I have observed the christian fundamentalists becoming politically active – I first took notice when I was in my mid-twenties when Pat Robertson formed the Christian Coalition.  I have seen the creeping influence of these fundamentalists on the governance of our society.  Witness the opposition to marriage equality for homosexuals, the teaching of creationism in the science classroom, and the constant erosion of abortion rights.  We have to voice our opposition and get politically active to counter this fundamentalist political force.

I have also witnessed the creeping fundamentalism on a personal level.  My daughter had to do an individual study project in grade 6.  She wanted to do the project on evolution.  Her science teacher indicated to her that she should also include the opposing side – creationism!  The SCIENCE TEACHER!!  My daughter has also been told she is going to hell because she does not believe in god.  These incursions of religious beliefs on our personal affairs must be revealed and they must be stopped.  There is a place for religious beliefs and it is in the home and in the church/synagogue/mosque.
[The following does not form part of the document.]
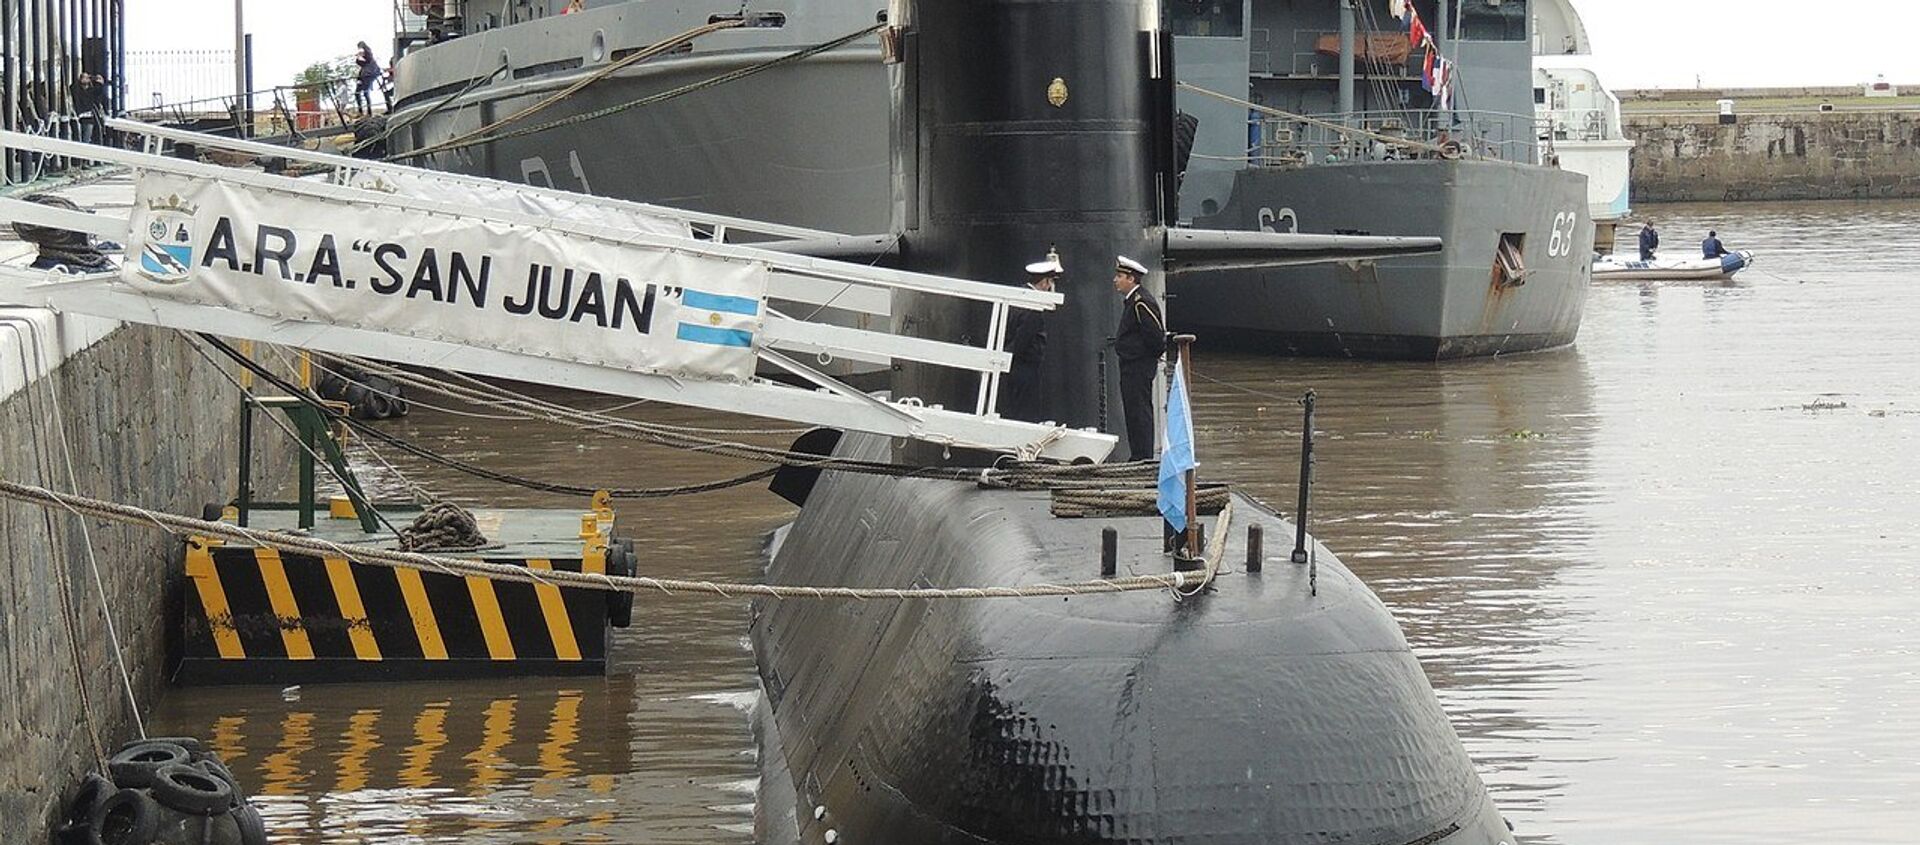 Submarino ARA San Juan en el Apostadero Naval de Buenos Aires, durante una jornada de puertas abiertas en mayo de 2017 por el día de la Armada Argentina.  - Sputnik Mundo, 1920, 27.10.2020

Blogging also undoubtedly provides some measure of catharsis for me.  Atheists are in the minority around the globe and in my country (Canada) only about 9% of folks declare as atheists.  So it is not easy to have these types of conversations with other atheists unless I open myself up to the internet community.  In this way I am helping to build the atheist community at large.  We are small but mighty, and growing.

These are some of the reasons why I blog about atheism and religion.  Now as to the point of conversion of others – this is not really one of my motivations.  I don’t think it is possible through dialogue alone to convince others to cast aside what they have probably believed all their lives.  What I do think, and we are seeing it come to pass, is that as our population becomes more educated society becomes more secular.